>>

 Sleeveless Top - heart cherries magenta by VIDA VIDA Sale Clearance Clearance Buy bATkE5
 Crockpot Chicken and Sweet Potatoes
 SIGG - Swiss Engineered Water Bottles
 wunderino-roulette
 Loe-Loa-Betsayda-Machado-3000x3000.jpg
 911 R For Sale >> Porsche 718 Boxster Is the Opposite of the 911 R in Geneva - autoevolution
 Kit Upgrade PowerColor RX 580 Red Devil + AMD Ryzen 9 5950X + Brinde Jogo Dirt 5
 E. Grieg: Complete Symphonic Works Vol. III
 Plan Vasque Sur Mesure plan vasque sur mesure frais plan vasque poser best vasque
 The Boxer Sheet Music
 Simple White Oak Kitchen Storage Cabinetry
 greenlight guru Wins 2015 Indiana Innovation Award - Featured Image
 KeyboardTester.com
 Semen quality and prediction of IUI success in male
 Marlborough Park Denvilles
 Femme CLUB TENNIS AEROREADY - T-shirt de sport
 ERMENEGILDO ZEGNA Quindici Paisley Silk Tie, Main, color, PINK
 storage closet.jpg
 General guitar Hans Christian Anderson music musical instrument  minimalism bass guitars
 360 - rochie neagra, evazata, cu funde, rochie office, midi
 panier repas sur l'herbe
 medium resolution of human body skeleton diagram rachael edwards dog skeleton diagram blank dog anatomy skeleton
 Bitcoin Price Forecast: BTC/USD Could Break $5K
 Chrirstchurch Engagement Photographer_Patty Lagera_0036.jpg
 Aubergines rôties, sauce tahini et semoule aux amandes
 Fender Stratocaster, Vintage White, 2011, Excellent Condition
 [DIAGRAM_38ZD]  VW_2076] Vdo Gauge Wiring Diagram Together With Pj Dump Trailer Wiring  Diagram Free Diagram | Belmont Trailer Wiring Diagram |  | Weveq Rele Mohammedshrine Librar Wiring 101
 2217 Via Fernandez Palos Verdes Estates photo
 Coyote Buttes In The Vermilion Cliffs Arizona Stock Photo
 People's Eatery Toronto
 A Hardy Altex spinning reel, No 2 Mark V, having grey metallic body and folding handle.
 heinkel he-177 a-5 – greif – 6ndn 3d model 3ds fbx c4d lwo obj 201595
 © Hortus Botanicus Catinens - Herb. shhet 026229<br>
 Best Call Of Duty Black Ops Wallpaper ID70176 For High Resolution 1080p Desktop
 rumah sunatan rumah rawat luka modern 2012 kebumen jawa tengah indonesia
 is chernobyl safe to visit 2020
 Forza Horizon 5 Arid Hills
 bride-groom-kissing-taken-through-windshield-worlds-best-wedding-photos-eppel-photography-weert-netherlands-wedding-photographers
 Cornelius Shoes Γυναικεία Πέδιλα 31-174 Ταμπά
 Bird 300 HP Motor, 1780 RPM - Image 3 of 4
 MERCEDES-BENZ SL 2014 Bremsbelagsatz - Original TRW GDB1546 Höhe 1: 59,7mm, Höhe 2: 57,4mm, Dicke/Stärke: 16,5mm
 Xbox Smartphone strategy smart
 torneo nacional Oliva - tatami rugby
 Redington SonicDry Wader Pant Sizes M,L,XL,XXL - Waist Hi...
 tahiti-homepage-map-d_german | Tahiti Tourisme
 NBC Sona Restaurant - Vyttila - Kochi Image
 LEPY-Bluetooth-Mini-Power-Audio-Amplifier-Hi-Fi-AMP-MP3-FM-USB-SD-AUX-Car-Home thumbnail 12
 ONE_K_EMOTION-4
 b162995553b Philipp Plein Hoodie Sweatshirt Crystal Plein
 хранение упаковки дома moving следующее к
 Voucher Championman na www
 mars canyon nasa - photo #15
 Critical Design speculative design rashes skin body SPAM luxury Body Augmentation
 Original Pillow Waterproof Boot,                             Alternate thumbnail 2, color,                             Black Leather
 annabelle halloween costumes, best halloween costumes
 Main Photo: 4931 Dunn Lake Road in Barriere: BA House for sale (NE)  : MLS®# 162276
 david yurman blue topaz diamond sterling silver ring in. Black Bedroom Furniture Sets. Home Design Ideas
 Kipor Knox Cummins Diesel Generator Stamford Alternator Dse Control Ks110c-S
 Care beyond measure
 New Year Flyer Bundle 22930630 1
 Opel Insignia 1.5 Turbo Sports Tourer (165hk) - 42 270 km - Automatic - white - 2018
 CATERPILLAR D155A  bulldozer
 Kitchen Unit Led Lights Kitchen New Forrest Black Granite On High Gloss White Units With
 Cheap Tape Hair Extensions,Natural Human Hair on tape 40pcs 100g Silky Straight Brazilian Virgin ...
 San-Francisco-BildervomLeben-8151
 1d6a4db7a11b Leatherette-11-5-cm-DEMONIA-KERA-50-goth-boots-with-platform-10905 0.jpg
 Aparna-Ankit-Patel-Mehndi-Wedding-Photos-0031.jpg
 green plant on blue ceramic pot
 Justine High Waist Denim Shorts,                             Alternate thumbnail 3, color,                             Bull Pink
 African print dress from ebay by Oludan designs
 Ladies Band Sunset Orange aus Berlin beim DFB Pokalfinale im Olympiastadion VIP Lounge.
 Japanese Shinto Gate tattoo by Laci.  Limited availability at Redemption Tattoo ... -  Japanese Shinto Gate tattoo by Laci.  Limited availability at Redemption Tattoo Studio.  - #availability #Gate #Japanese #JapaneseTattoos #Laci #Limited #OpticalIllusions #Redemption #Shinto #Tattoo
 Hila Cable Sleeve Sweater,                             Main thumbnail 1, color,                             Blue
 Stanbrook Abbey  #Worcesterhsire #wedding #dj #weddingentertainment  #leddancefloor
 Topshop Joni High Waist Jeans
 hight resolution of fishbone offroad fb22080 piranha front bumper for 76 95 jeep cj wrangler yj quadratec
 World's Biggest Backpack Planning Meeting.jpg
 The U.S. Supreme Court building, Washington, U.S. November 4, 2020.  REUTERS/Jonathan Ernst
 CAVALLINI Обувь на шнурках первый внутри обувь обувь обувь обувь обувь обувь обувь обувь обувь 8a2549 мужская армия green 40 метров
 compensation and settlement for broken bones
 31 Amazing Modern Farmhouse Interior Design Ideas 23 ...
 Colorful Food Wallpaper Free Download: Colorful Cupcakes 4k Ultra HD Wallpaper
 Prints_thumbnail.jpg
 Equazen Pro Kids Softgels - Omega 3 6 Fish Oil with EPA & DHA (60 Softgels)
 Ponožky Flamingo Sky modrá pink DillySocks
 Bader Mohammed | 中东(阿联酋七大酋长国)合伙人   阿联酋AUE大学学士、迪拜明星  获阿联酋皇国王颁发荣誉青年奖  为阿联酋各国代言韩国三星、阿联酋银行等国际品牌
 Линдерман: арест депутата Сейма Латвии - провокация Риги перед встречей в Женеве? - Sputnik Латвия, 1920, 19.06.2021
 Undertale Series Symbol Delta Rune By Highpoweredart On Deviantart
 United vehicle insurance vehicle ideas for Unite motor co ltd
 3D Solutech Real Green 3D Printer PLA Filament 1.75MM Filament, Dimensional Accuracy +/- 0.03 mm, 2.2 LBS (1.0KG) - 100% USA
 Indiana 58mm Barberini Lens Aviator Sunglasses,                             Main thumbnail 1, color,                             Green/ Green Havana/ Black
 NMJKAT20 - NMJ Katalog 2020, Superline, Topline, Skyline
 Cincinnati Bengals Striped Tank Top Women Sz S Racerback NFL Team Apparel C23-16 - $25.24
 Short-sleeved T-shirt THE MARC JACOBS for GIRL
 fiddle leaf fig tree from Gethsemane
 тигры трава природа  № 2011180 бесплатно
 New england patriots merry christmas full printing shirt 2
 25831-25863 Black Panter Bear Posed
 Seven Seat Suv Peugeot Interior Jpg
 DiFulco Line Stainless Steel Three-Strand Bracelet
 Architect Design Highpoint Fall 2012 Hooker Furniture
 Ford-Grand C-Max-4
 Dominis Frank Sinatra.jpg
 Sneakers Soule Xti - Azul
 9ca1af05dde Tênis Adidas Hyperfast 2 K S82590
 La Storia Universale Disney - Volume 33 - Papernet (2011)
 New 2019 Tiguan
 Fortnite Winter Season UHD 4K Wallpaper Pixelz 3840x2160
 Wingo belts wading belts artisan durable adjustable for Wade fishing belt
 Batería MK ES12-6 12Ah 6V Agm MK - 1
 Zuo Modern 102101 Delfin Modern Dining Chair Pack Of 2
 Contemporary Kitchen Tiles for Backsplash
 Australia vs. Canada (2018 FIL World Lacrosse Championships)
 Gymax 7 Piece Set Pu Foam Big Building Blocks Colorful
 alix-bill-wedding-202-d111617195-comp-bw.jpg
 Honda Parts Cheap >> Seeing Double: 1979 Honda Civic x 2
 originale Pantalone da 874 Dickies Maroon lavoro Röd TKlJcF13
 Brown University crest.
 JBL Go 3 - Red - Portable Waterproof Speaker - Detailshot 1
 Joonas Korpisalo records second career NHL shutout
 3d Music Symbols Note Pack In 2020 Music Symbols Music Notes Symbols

<<

→ What is needed:
Only the lines with the string "Main" are wanted; pick them out of the records above and copy them.

→ The answer:
 ERMENEGILDO ZEGNA Quindici Paisley Silk Tie, Main, color, PINK
 Main Photo: 4931 Dunn Lake Road in Barriere: BA House for sale (NE)  : MLS®# 162276
 Hila Cable Sleeve Sweater,                             Main thumbnail 1, color,                             Blue
 Indiana 58mm Barberini Lens Aviator Sunglasses,                             Main thumbnail 1, color,                             Green/ Green Havana/ Black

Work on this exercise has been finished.